JVM is obviously great a VM, and Scala brings most of the Erlang (and many other languages) features to the table. I am not sure about the fault tolerance. I need to look into how Akka implements the actors.
> Concurrency means synchronizing and sending messages between
> processes.
I think in Erlang you can do only async sending and when the receiving process wakes up it gets it through one of the means you mentioned.
This is what I am curious about. I have seen only one big system written in Erlang that was massive big. WhatsApp was also running in Erlang and they achieved something like 1M connection/server. That was impressive. I am wondering how could you do that with Akka?
I am following the development of these, starting to use it in Clojure soon, I am curious how it works out. Personally I prefer Aleph on the JVM for Clojure projects but wanna see what is happening in Quasar & co.

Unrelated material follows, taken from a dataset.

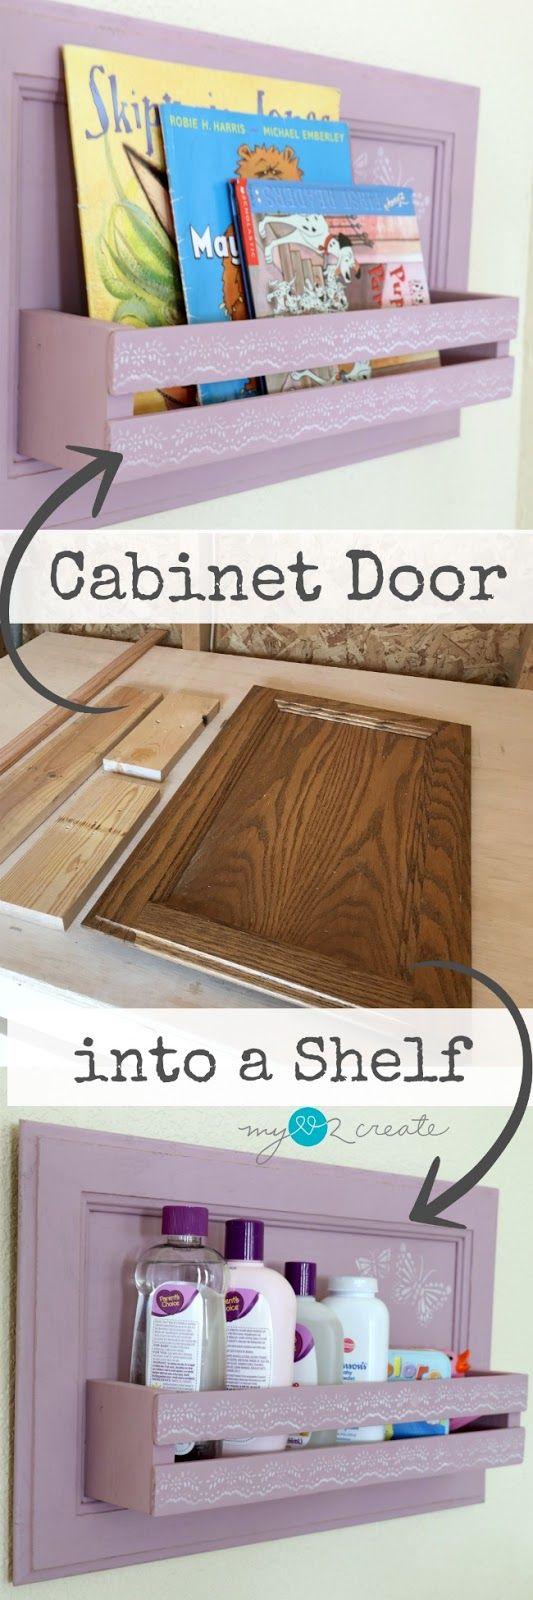 Best 25+ Cabinet door makeover ideas on Pinterest | Updating ...
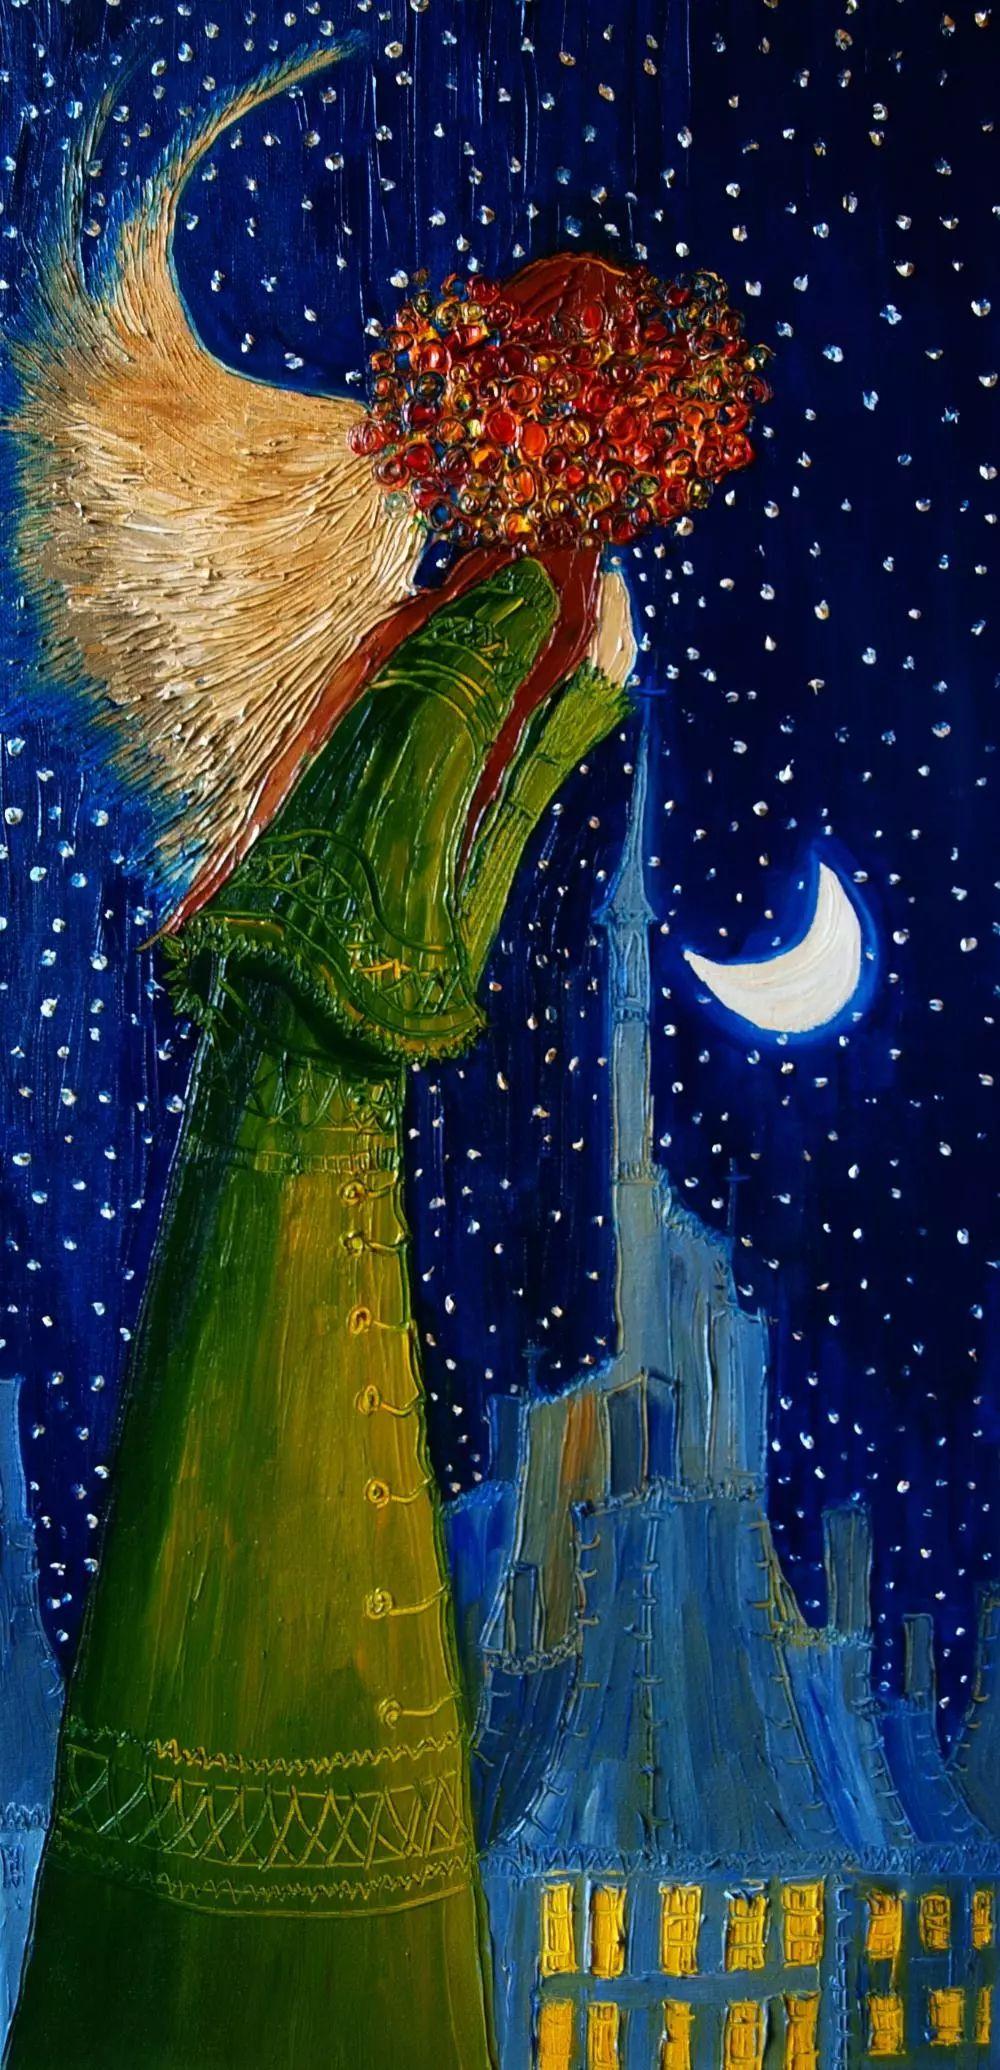 威尼斯、夜晚、猫 | 波兰Justyna Kopania插图22

http://kcsrk.info/ocaml/multicore/2015/05/20/effects-multico...
The core idea is incredibly exciting (to us, anyway). Rather than baking in a specific multicore scheduler, we're allowing pluggable schedulers written in OCaml. They use algebraic effects to allow an independent scheduler to compose concurrency among OCaml threads. This will ensure that the OCaml runtime remains lean, and even allow applications to define their own strategies for concurrent scheduling.